> _WHAT NEEDS TO BE DONE_: Would you return the listing that follows exactly, leaving its pictures behind?

** Opening DATASET EXTRACT block **

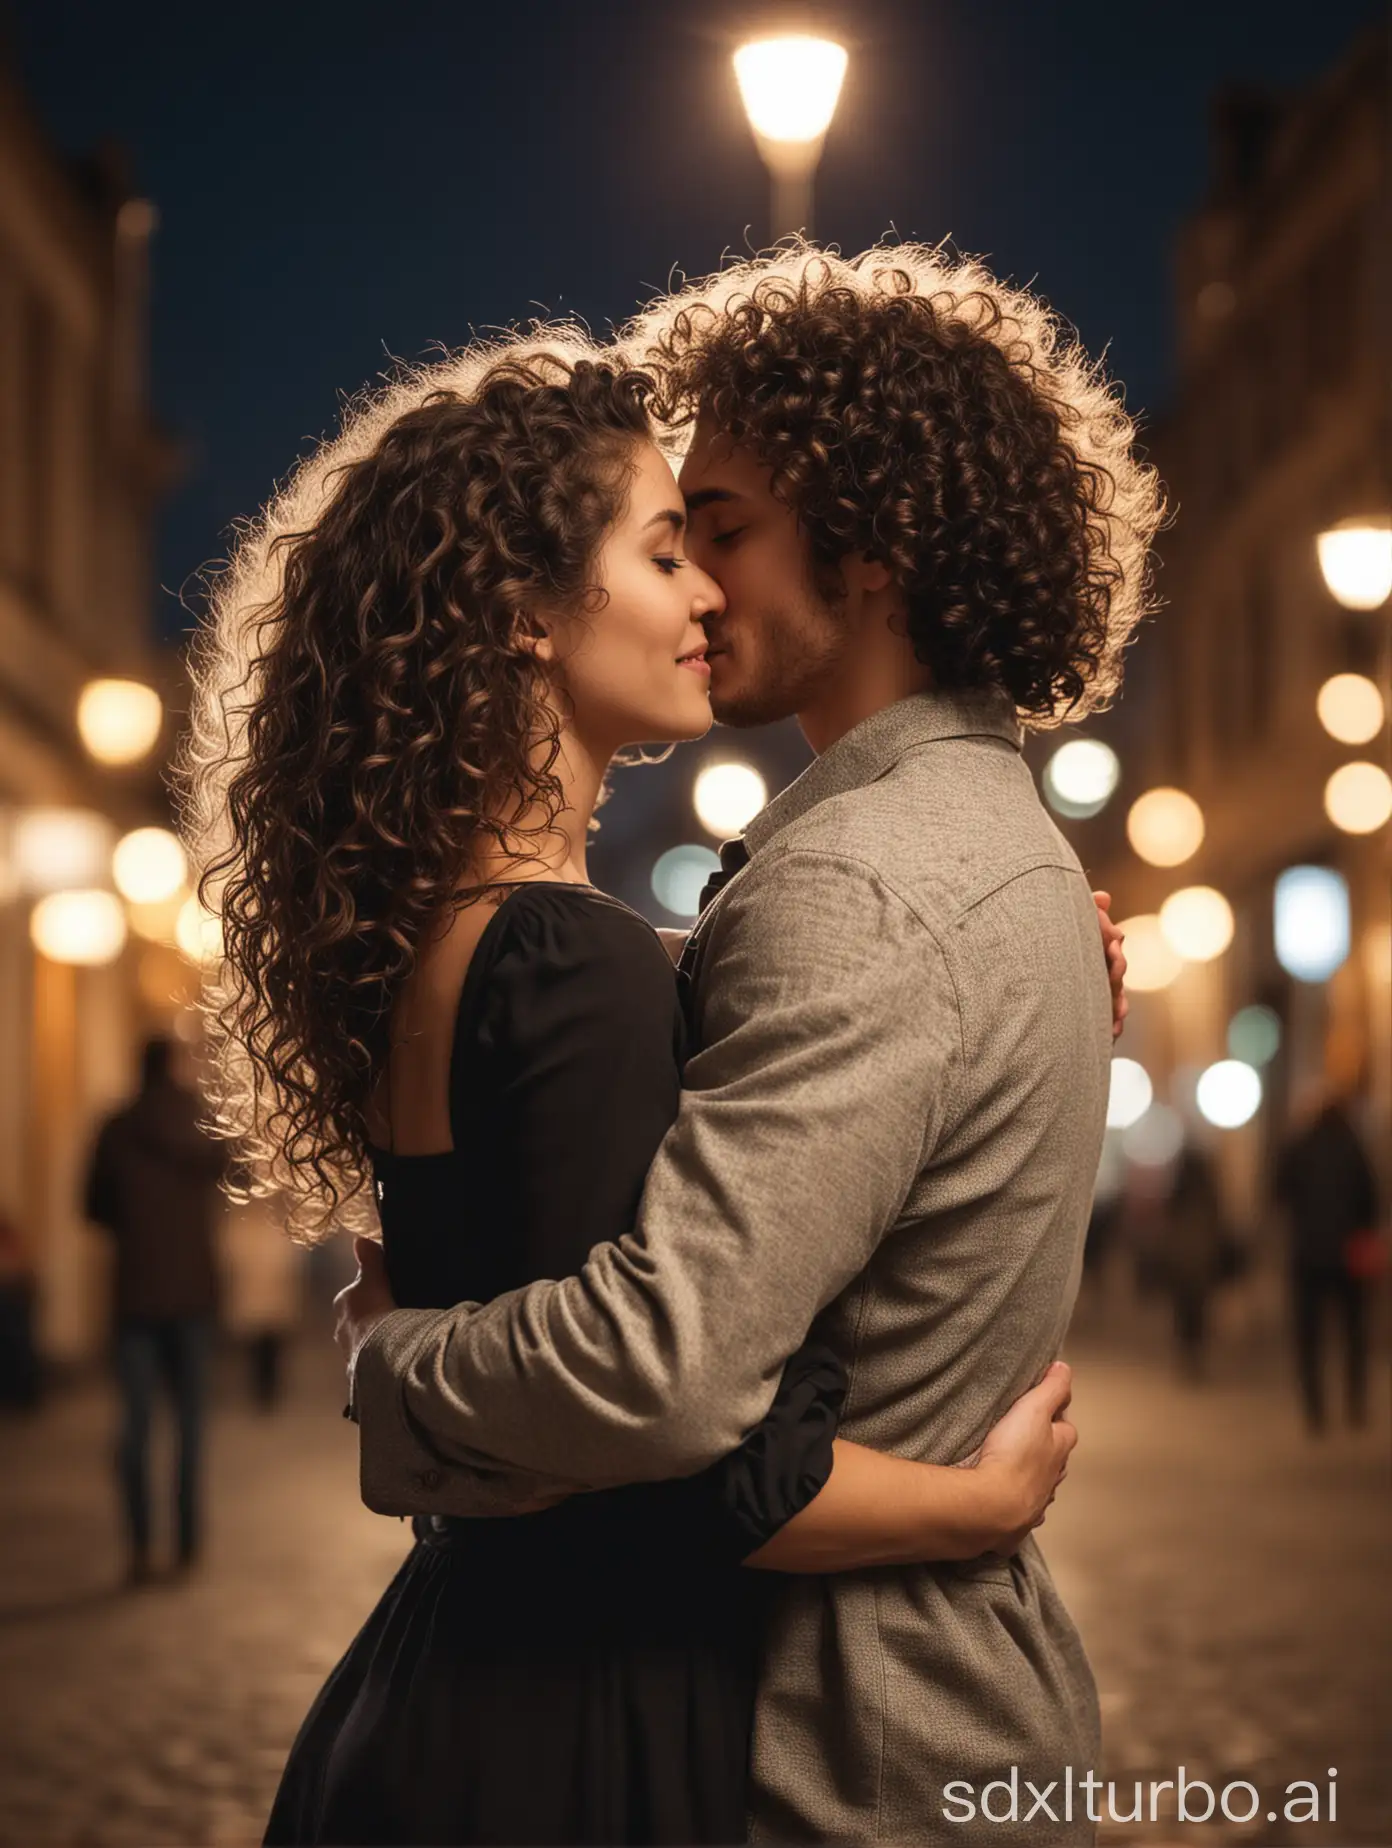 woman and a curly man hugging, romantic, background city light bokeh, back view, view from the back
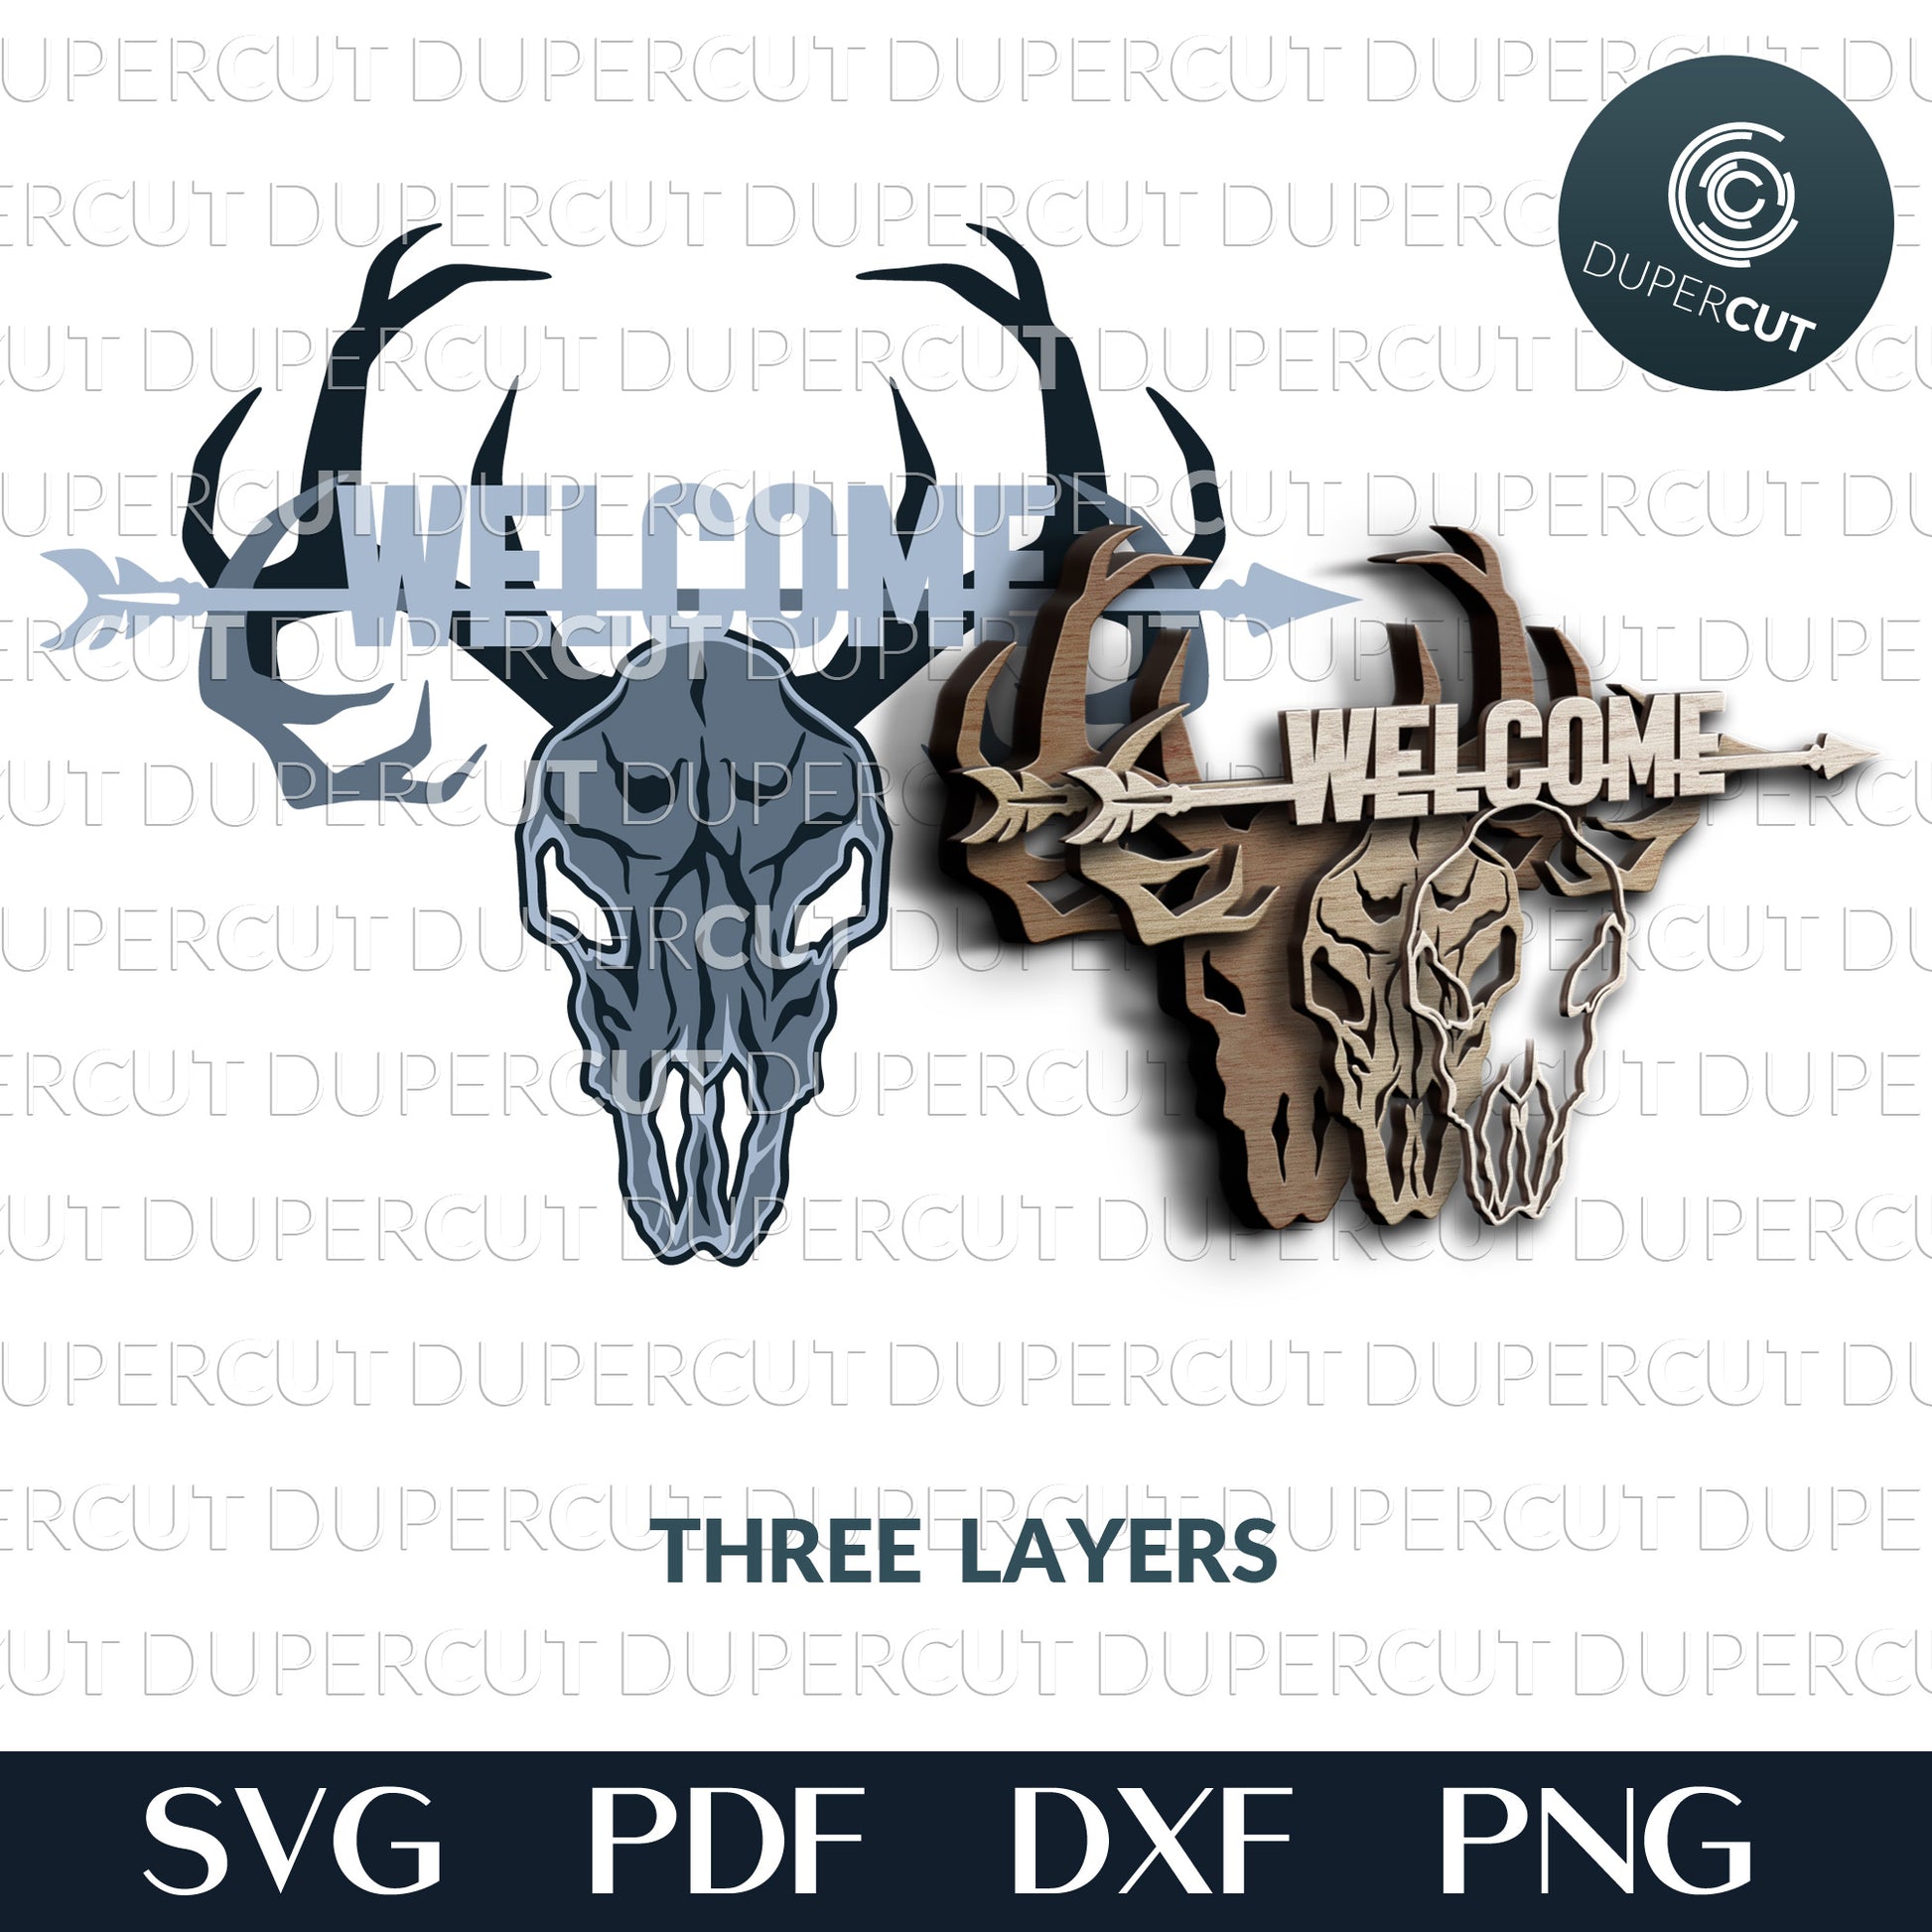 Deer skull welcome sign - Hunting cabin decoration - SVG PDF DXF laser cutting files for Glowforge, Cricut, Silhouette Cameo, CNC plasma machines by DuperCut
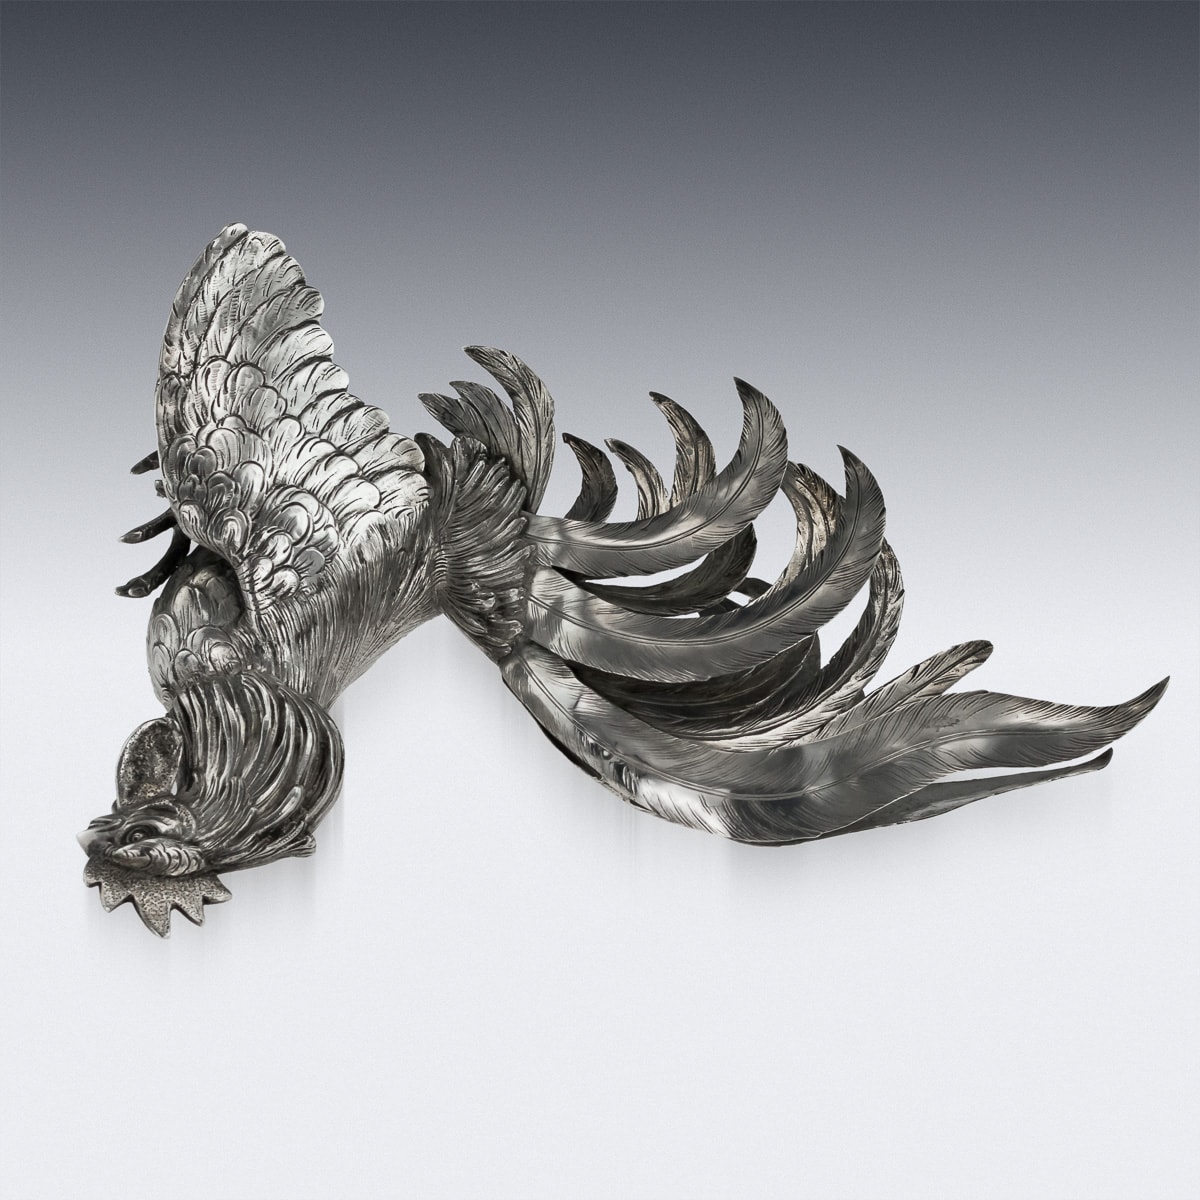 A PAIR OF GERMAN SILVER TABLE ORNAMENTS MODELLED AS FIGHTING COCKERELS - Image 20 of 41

** Closing DATASET EXTRACT block **

> _WRITTEN ANSWER_:
 woman and a curly man hugging, romantic, background city light bokeh, back view, view from the back
 Deer skull welcome sign - Hunting cabin decoration - SVG PDF DXF laser cutting files for Glowforge, Cricut, Silhouette Cameo, CNC plasma machines by DuperCut
 A PAIR OF GERMAN SILVER TABLE ORNAMENTS MODELLED AS FIGHTING COCKERELS - Image 20 of 41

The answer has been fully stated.